Yoko takes this opportunity to hand John a recent copy of Japanese Playboy that features an article about them. "It's nice of them to show just the back of the baby," John remarks about one of the photos. "I don't want pictures of Sean going around. Most stars, as soon as they have a baby, put it on the front page: 'I've just had a baby!' I'm not interested in that. It's dangerous. You know, we make no pretense of being average Tom, Dicks or Harry – we make no pretense of living in a small cottage or of trying to make our child into an average child. I tried that game with my son Julian, sending him to a comprehensive working-class school, mixing with the people, but the people spat and shit on him because he was famous, as people are wont to do. So his mother had to finally turn around and tell me to piss off: 'I'm sending him to a private school, the kid is suffering here.'"

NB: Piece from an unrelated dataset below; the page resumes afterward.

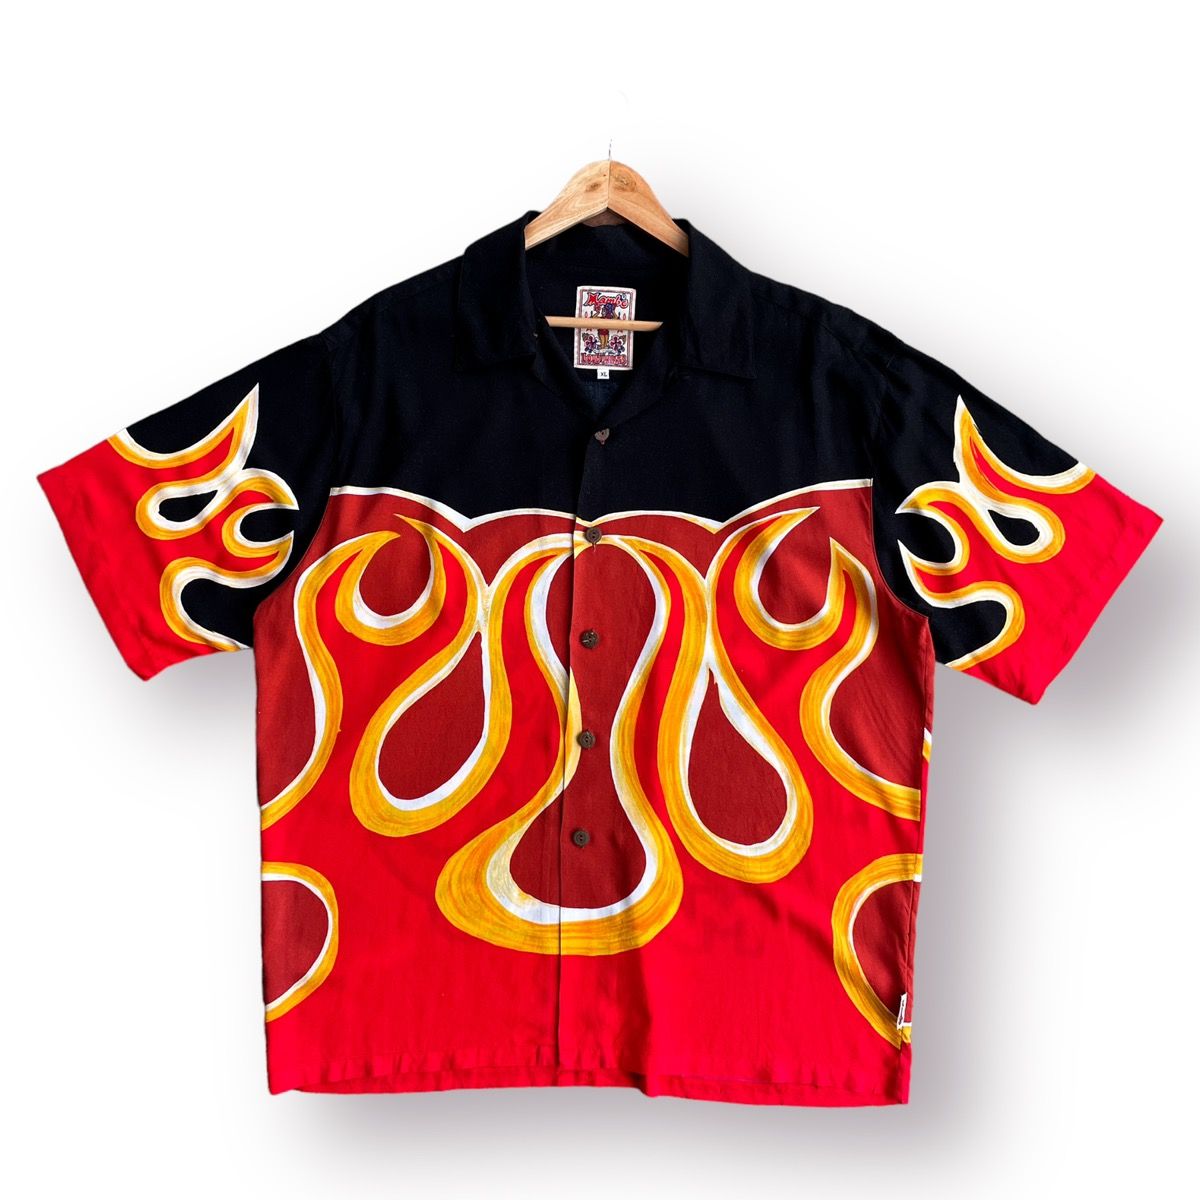 BlingArchive Vintage 90 Mambo Loud Shirt Flame Shirt

John now thumbs through Playboy. "Take a look at these Japanese tits in the front half of the magazine," he says, as he generously shares the issue with me. "They're beautiful. They're not allowed to show pussy, only breasts. Before the Christians got there, the Japanese were absolutely free sexually, like the Tahitians – not in an immoral way; it was natural to them. "And it's the Christians that changed that?" I asked. "Yeah," John replied, "the Christians don't let you have cock and balls. It's the Judeo-Christians, just to get you in it too." "You're right," I confess, "it's all my fault!" "Never mind, never mind," John says, patting me on the shoulder. "But we'd better get on with this. Ask away!"